John Hovis seconded Burnett’s remarks. “Erie management
told us that they don’t have experience with competition. They haven’t had
competition for 12 years. You have ‘just in time.’ Well, get the parts to
our people in time so we won’t have to work overtime when the parts come
in late. Management has to work on efficiency in the operation, including
getting the members the parts and tools to do the job. They also admitted
to us that they’ve been kind of arrogant with customers. You can’t do that
when you have real competitors.”
The union noted that Erie built 900 locomotives in 2008,
which would not have been possible a few years ago. John Hovis said that
when he went to Erie in 1980, there were 7,500 workers, and the plant
turned out just 300 locomotives. Our members make a large contribution to
GE’s productivity gains, and it should be no surprise that we are asking
for substantial structural wage increases.
Tormey commented on the need to improve COLA, which now
covers only about 38 percent of inflation. He then presented other
wage-related proposals, discriminatory night shift bonus for new hires.
“The move from 60 cents to a $1 was a step in the right direction.
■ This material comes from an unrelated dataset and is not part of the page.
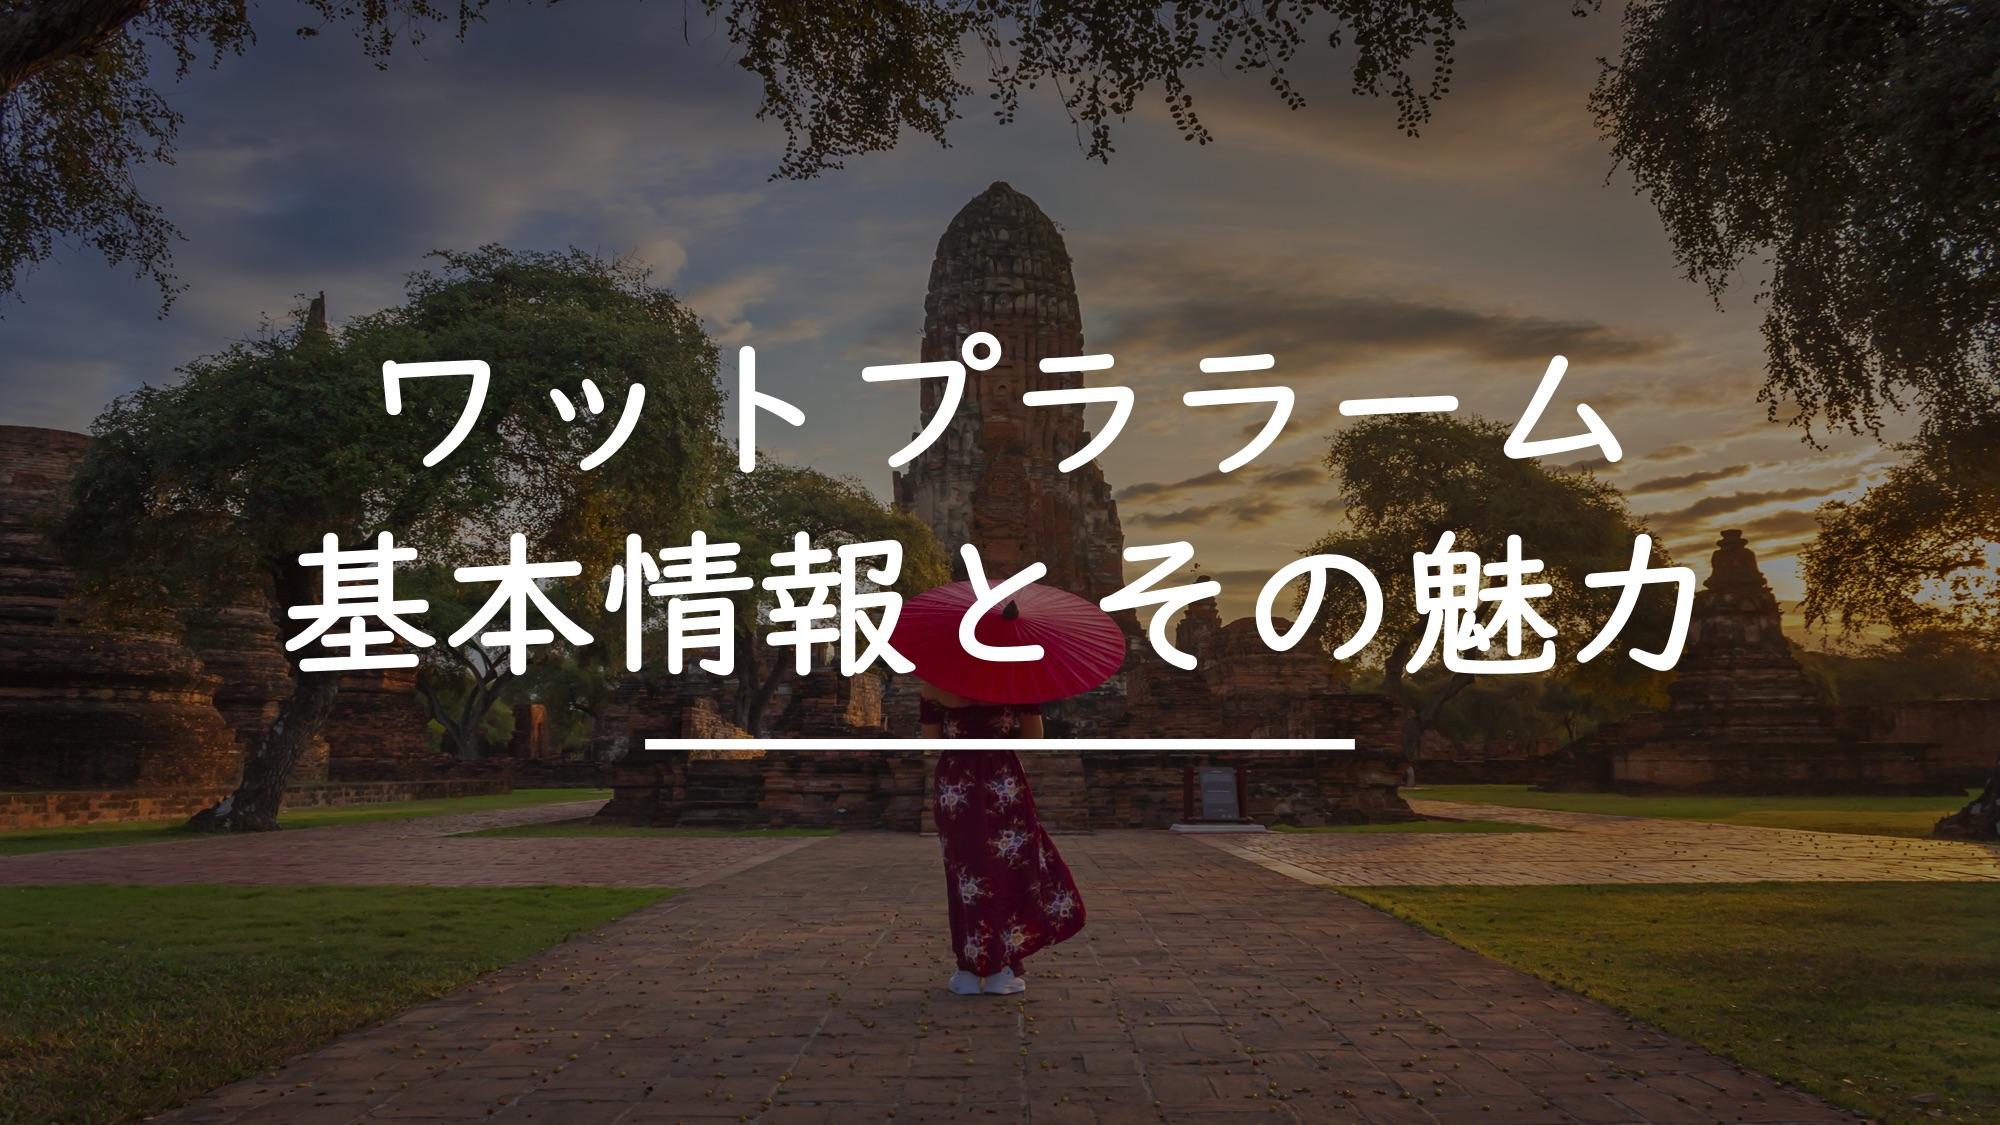 ワット プララームの基本情報や見所とは(Wat Phra Ram)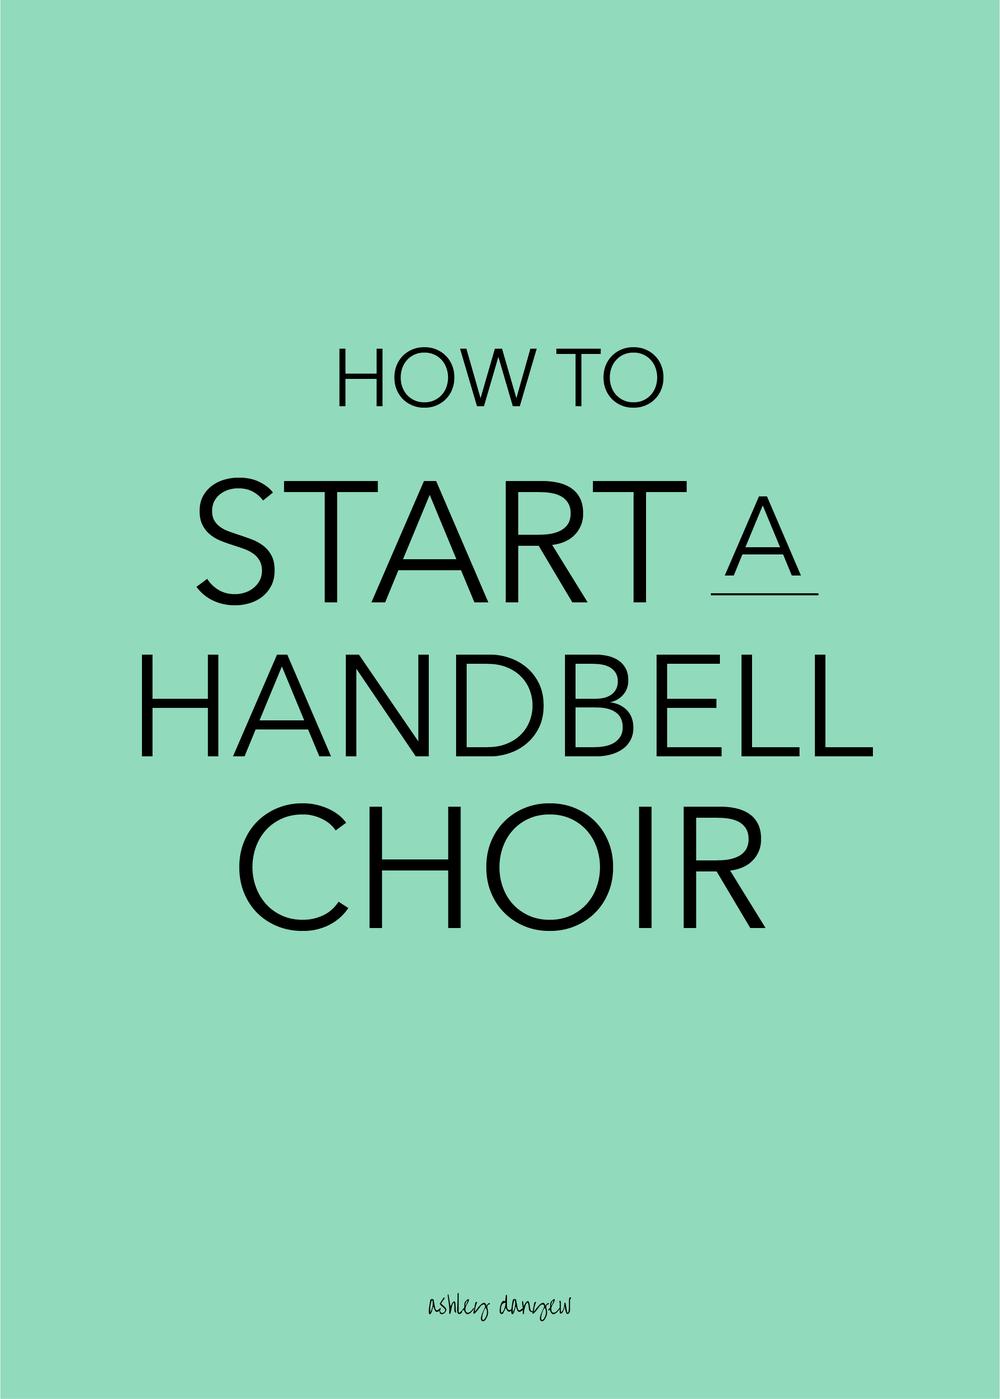 Copy of How to Start a Handbell Choir

It
needs to be raised to the 10 percent that other employees receive.” Wayne
Burnett added, “And it takes five years to get to 10 percent.”
For pieceworkers in Erie, the union proposed average
earnings be paid for dispensary and lost-time lost accidents. “We also
want average earnings when people are moved from their primary job for
company convenience. We want people assigned to work that is technically
within their classification earning average pay. “We see that a lot,” said
Burnett. “People are moving more than ever. I may not be able to make what
I usually make when I’m moved to a job I’m not familiar with.”
On salaried progression, the union proposed automatic
progression to grade 12, in place of the existing merit step. “Our members
never seem to get to grade 12,” said Mary Stewart-Flowers. Another UE
proposal on salaried jobs is automatic payment of two steps above the
group for group leaders.
The union proposed eliminating the extended progression for
new hires.
“Our position is equal pay to equal work,” said Tormey “We
don’t have a problem with a reasonable progression schedule when people
are learning, but we have a problem when it’s just imposed for any new
hires.”
Tormey then turned to some remaining paid-time-off
proposals. UE proposed paying for required attendance at government
administrative hearings the same as jury duty. Death in family should
include legal guardian. The union proposes to eliminate the 17-day cap on
military differential pay.
Finally, Tormey outlined the union’s proposals on family
and medical leave. A workers’ annual FMLA entitlement should not be
reduced by STD or workers comp leave. We seek paid FMLA leave, including
paternity leave. Tormey noted that some states, such as California and New
Jersey, already pay this leave.
Gritti replied, “I think that our disability plans are
outstanding.” Tormey responded, “We’re not talking about STD, we’re
talking about family leave. Compared to other countries we’re terrible.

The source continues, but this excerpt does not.